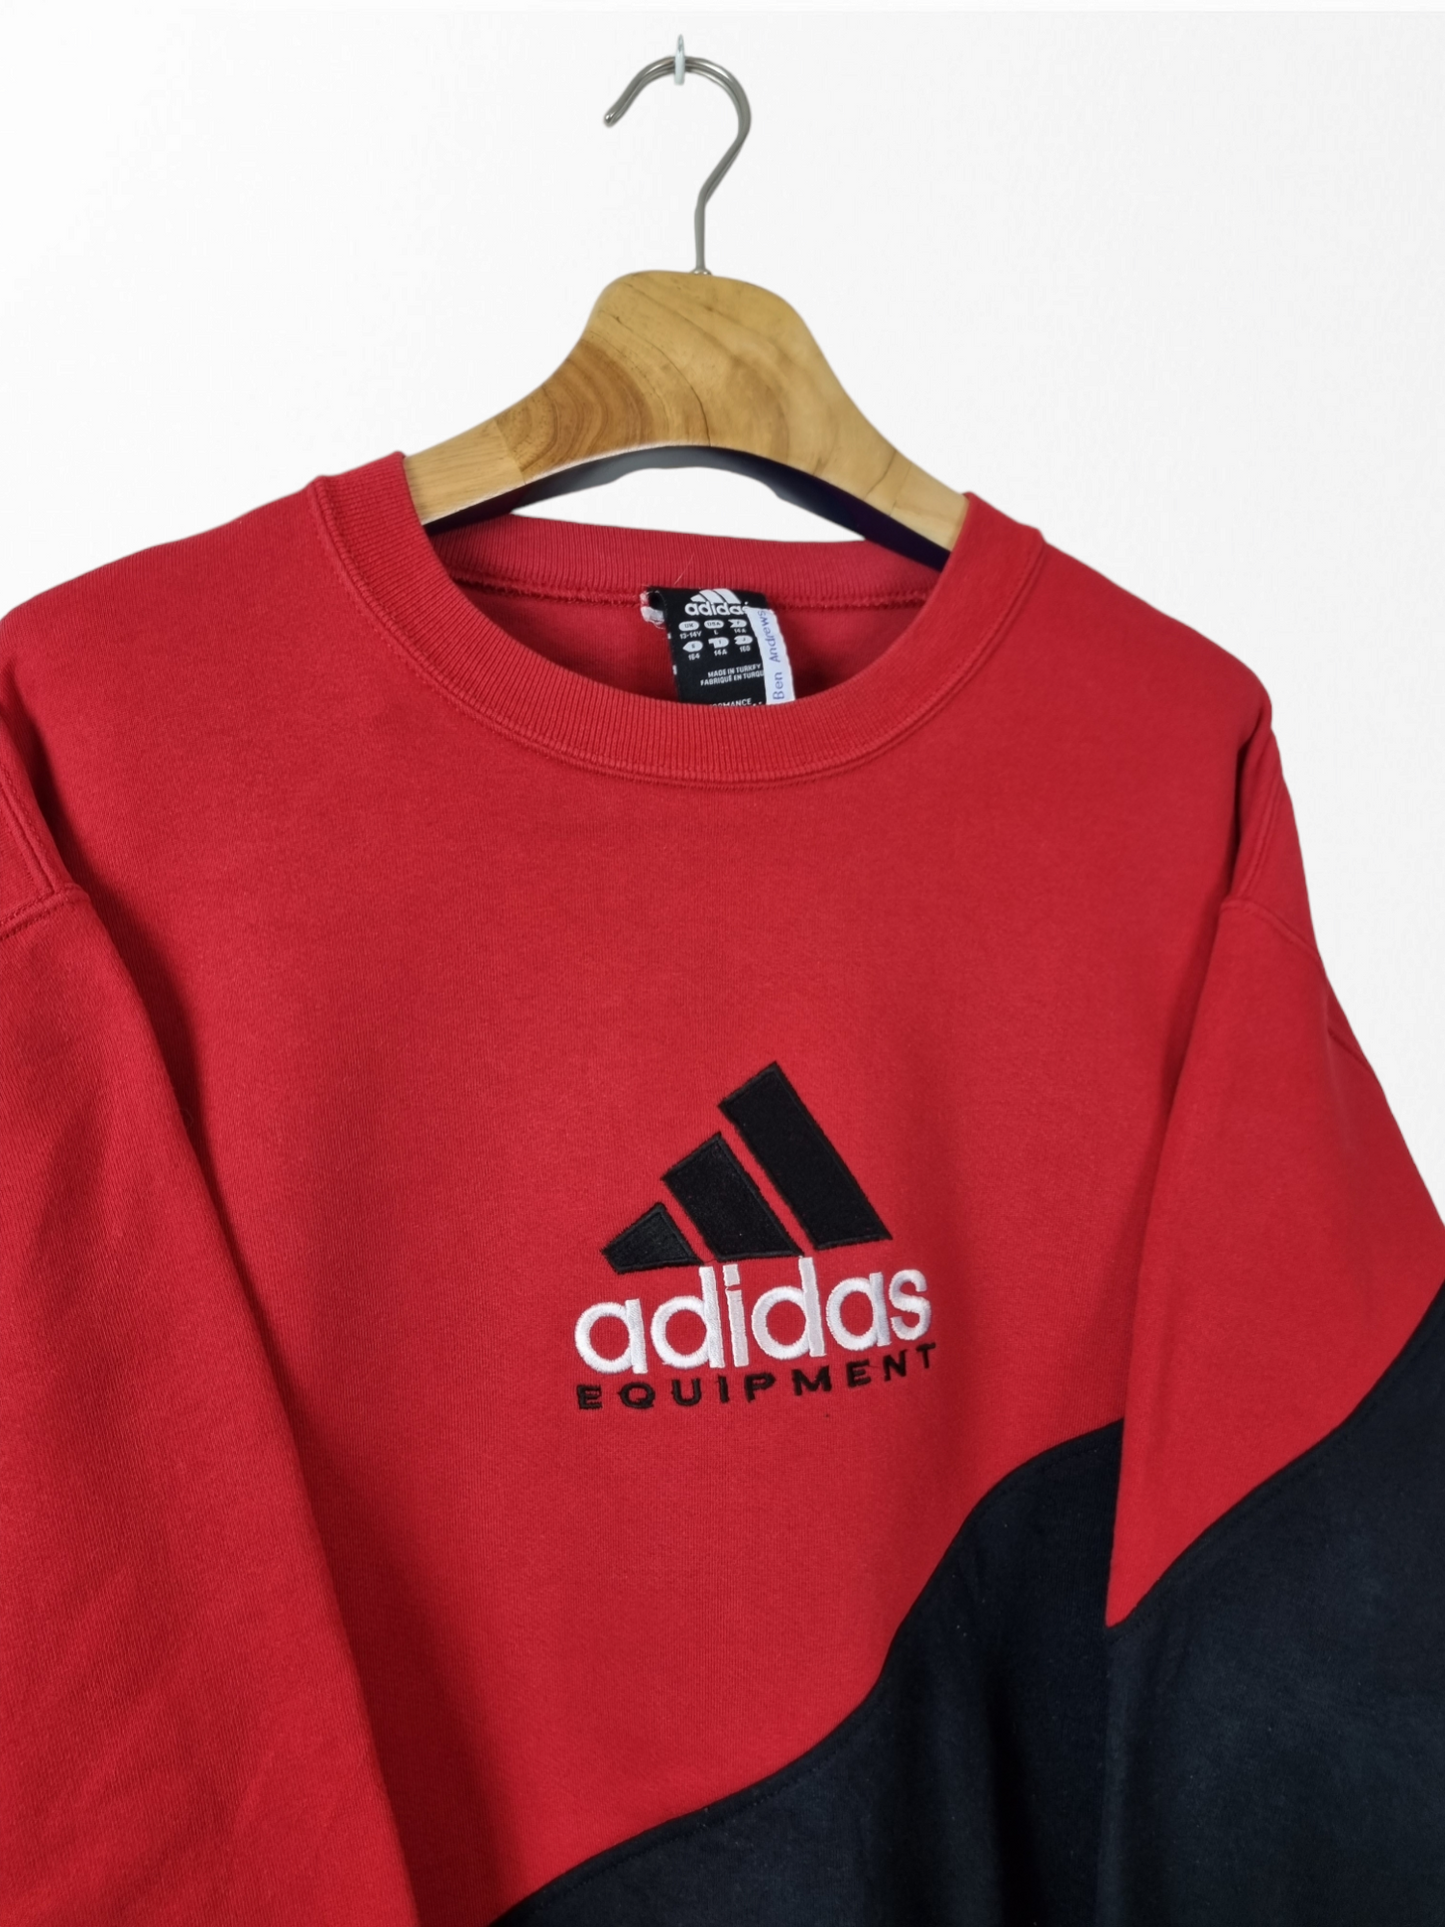 Adidas equipment sweater maat M/L
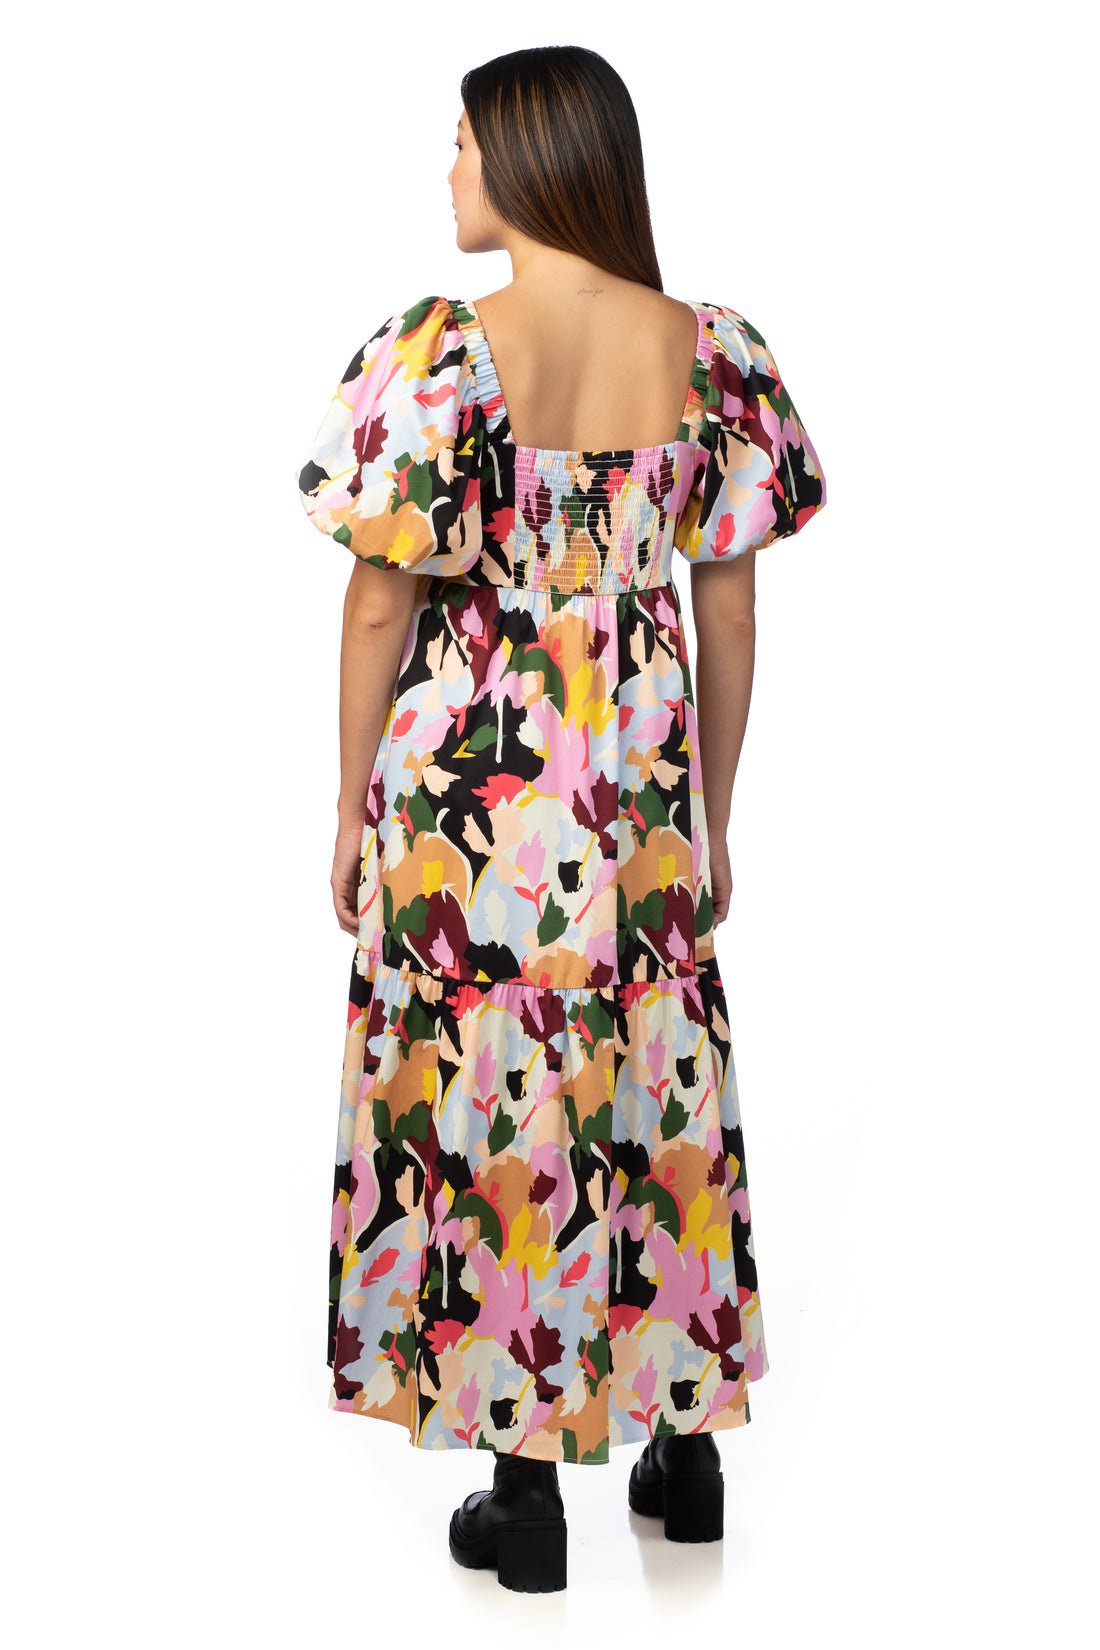 Crosby By Mollie Burch Goldie Dress Flowerpress
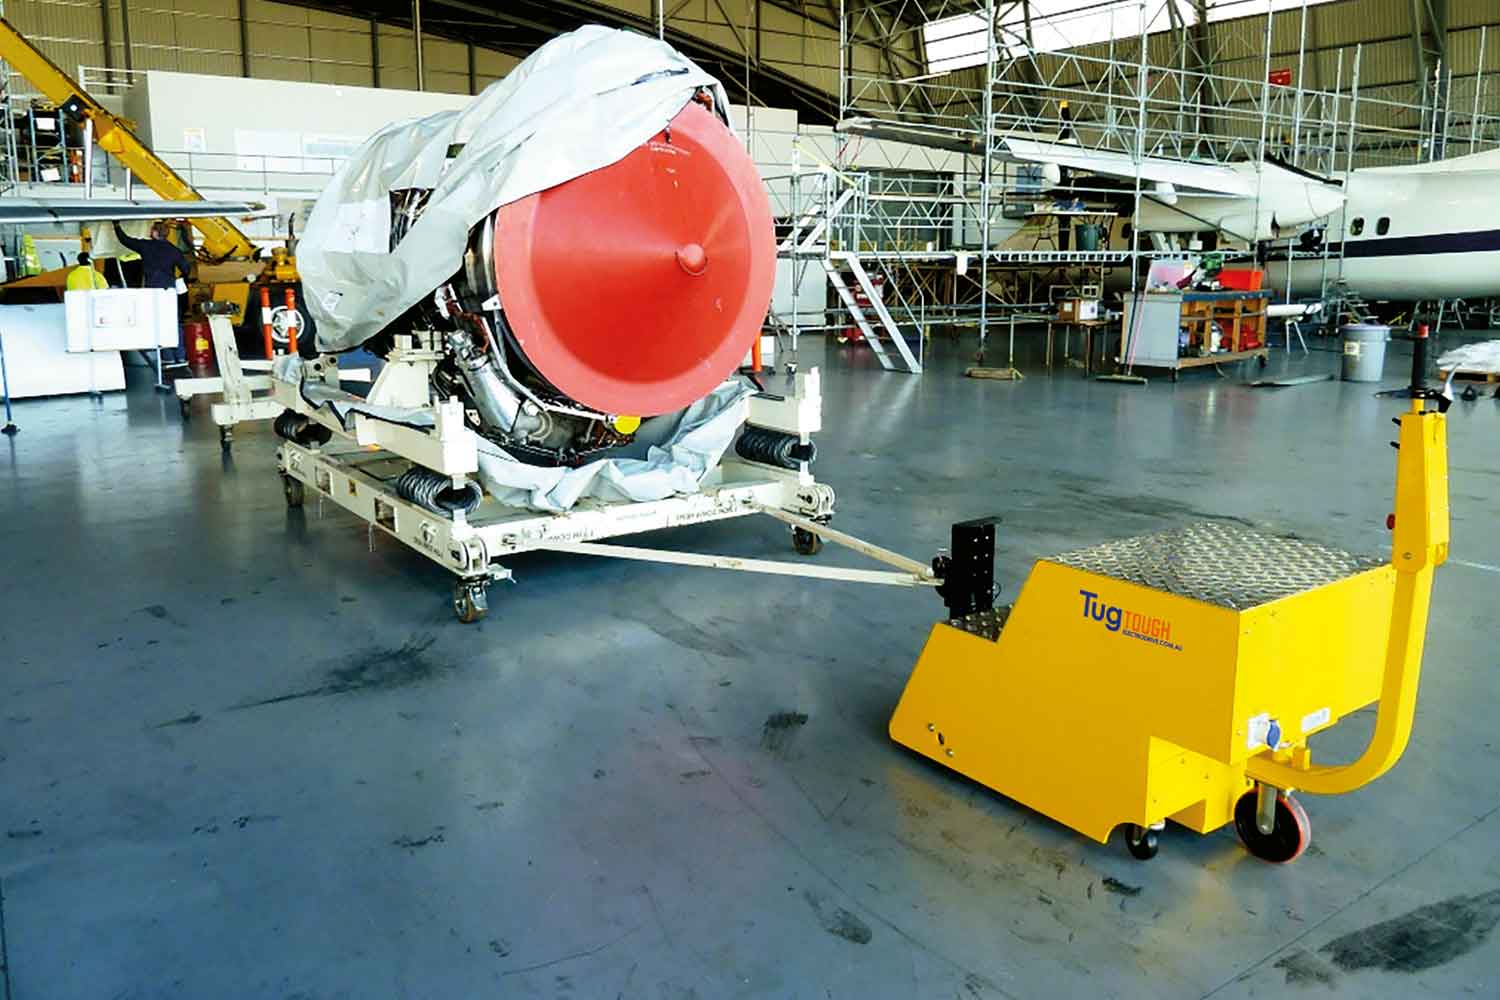 A Tug Tough towing aircraft machinery
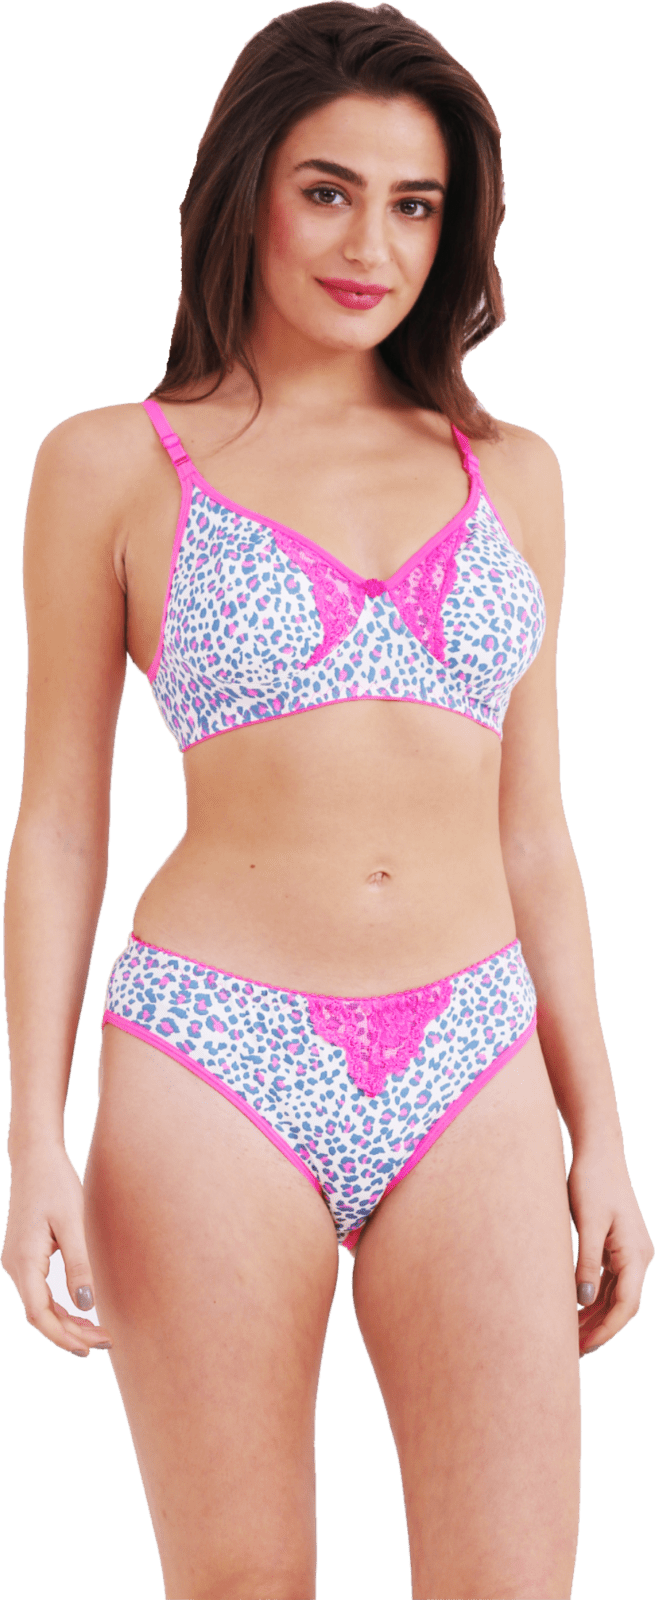 Sunny Printed Ladies Bra Panty Set, Size: 32B and Medium at Rs 230

━━━━━━

• _Work required_
When repeating the material above, keep every line exact and drop all pictures.

• _Response to this task_
 Adidas equipment sweater maat M/L
 Crosby By Mollie Burch Goldie Dress Flowerpress
 A Tug Tough towing aircraft machinery
 Sunny Printed Ladies Bra Panty Set, Size: 32B and Medium at Rs 230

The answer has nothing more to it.